Our technology could handle the scope, and we were able to perform the services. But the scope changed at the last minute, and we weren’t given the basic resources we needed for a successful engagement. We had a choice—walk away from a lucrative opportunity, or try to make it work.
We tried to make it work. Instead, the entire project scope of work was modified so frequently between the prime contractor and the enterprise client, it was impossible to meet the deliverables.
We learned several lessons out of that project. When you’re presented with a prime opportunity from an enterprise client, make sure you play it smart. Here are key steps to make sure you don’t bite off more than you can chew.
Many physical security consultants are afraid to be honest about their capabilities and limitations with big clients. They don’t want to let the big fish get away, and they think acknowledging their limits will lose the contract. But being open and honest from the start will actually set you up for a successful project and a happy client.
Enterprise organizations respect honesty from their vendors—and they’ll hire people they know they can trust. If you can’t do something, just say so. Your clients would rather know what you’re capable of than to expect too much and be unhappy with the results. Being honest doesn’t mean you’ll lose the contract—it means you have the chance to set expectations and turn a big project into a big success.
Find a Solution
If you’re honest about your capabilities and limitations, you’ll position yourself to negotiate for a deal that fits you perfectly.

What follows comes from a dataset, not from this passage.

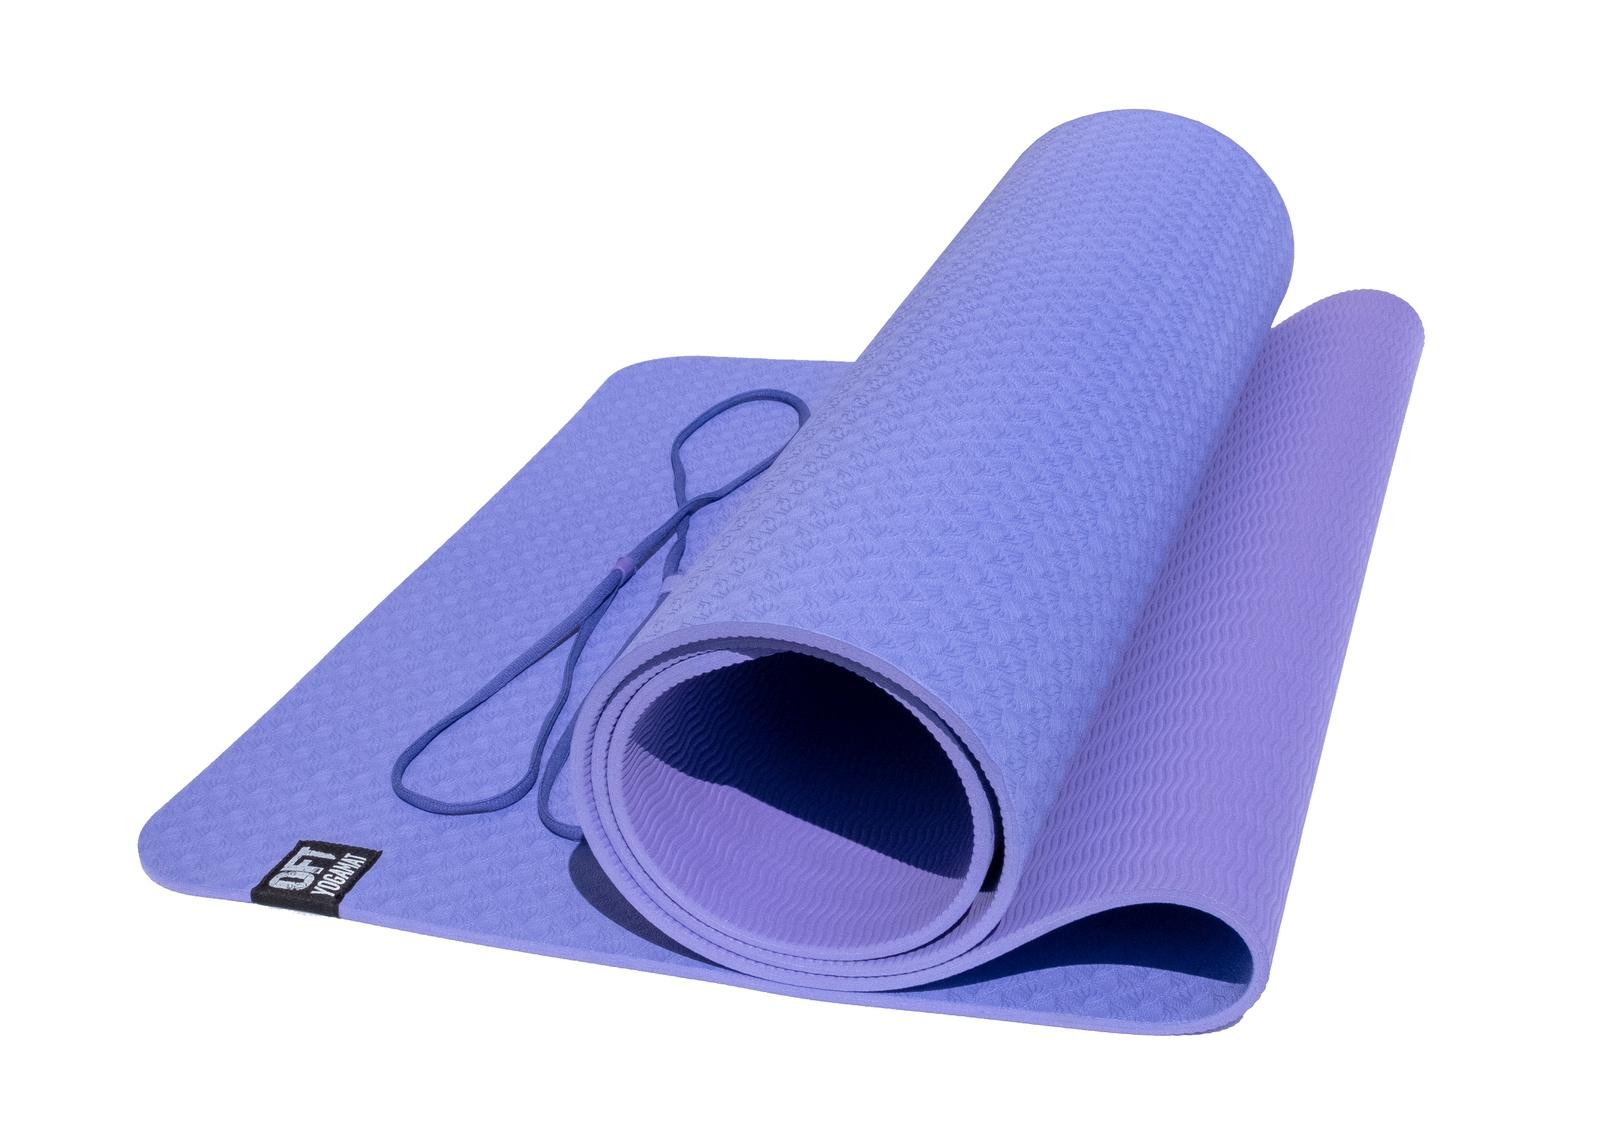 Коврик для йоги и фитнеса Original FitTools FT-YGM6-2TPE, фиолетовый, сиреневый коврик для йоги и фитнеса profi fit 6 мм стандарт серый

Don’t be afraid to push back on the client to change the scope. More often than not, you’ll be able to reach a compromise that fulfills their needs and wins you the contract. I have often found that a client actually states one thing but means another. This is always fleshed out during the discovery and usually works in our favor.
Be very specific with your clients. Tell them clearly what you can perform, during what time frame, and what the deliverables will be. Go through the details with a fine-tooth comb to make sure everyone is on the same page.